2.The determination of whether and when Executive’s separation from service from the Company has occurred shall be made in a manner consistent with, and based on the presumptions set forth in, Treasury Regulation Section 1.409A-1(h).  Solely for purposes of this Appendix A, Section 2, “Company” shall include all persons with whom the Company would be considered a single employer under Section 414(b) and 414(c) of the Internal Revenue Code.

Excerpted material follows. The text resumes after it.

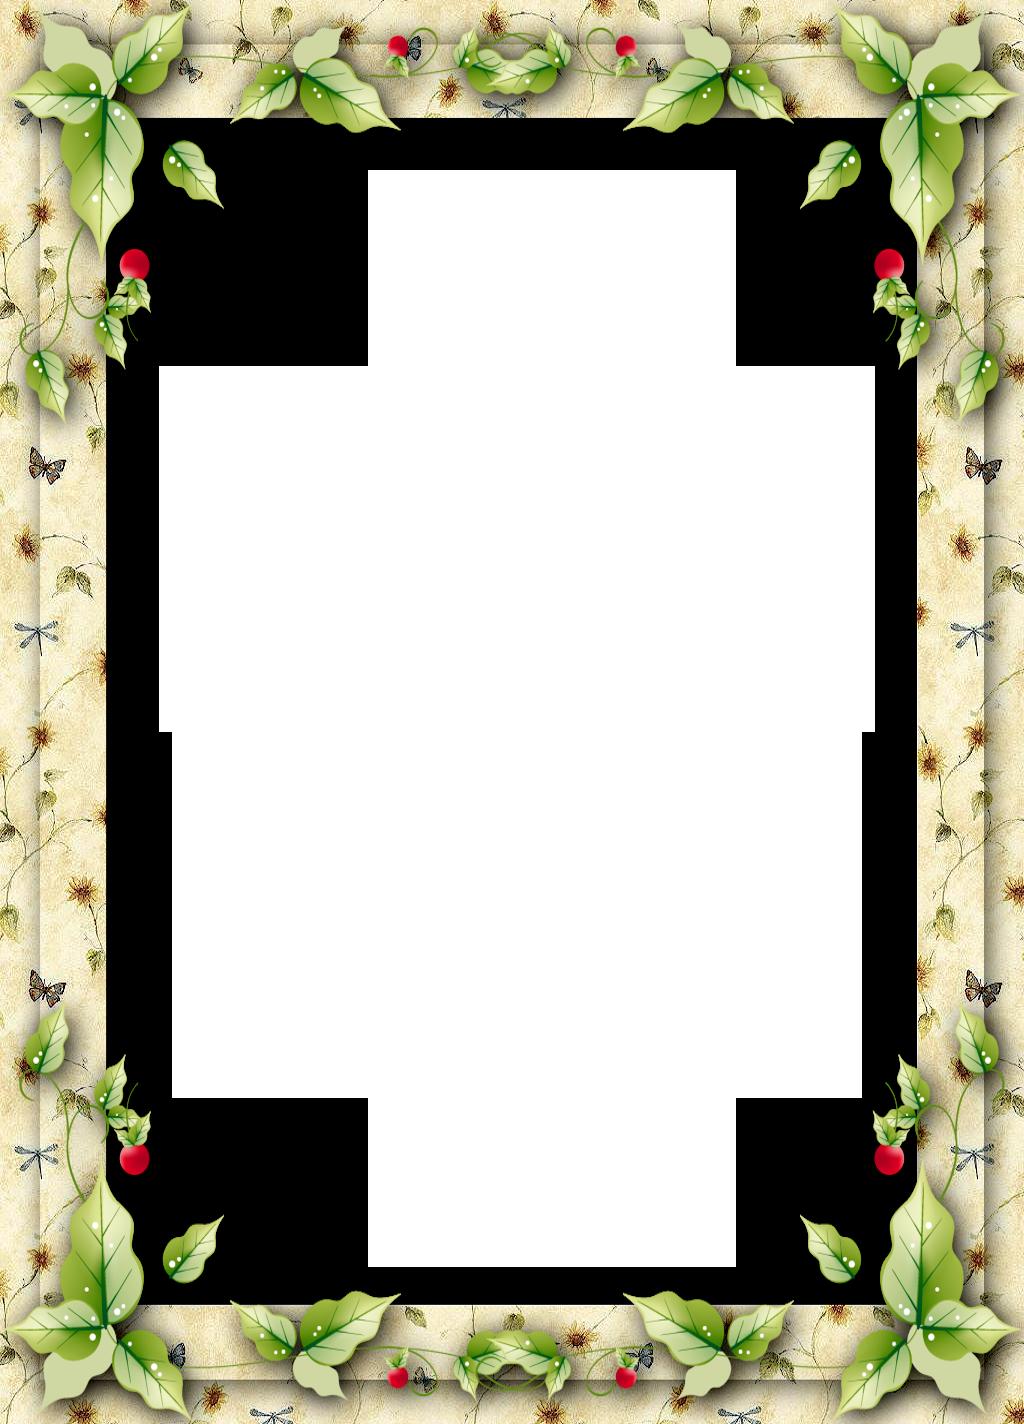 Frame clipart xmas. Christmas with mistletoe leaves

3.All reimbursements and in-kind benefits provided under the Agreement shall be made or provided in accordance with the requirements of Section 409A to the extent that such reimbursements or in-kind benefits are subject to Section 409A, including, where applicable, the requirements that (i) any reimbursement is for expenses incurred during Executive’s lifetime (or during a shorter period of time specified in the Agreement), (ii) the amount of expenses eligible for reimbursement during a calendar year may not affect the expenses eligible for reimbursement in any other calendar year, (iii) the reimbursement of an eligible expense will be made on or before the last day of the calendar year following the year in which the expense is incurred and (iv) the right to reimbursement is not subject to set off or liquidation or exchange for any other benefit.
4.The Company makes no representation or warranty and shall have no liability to Executive or to any other person if any of the provisions of the Agreement (including this Appendix A) are determined to constitute deferred compensation subject to Section 409A but that do not satisfy an exemption from, or the conditions of, that section.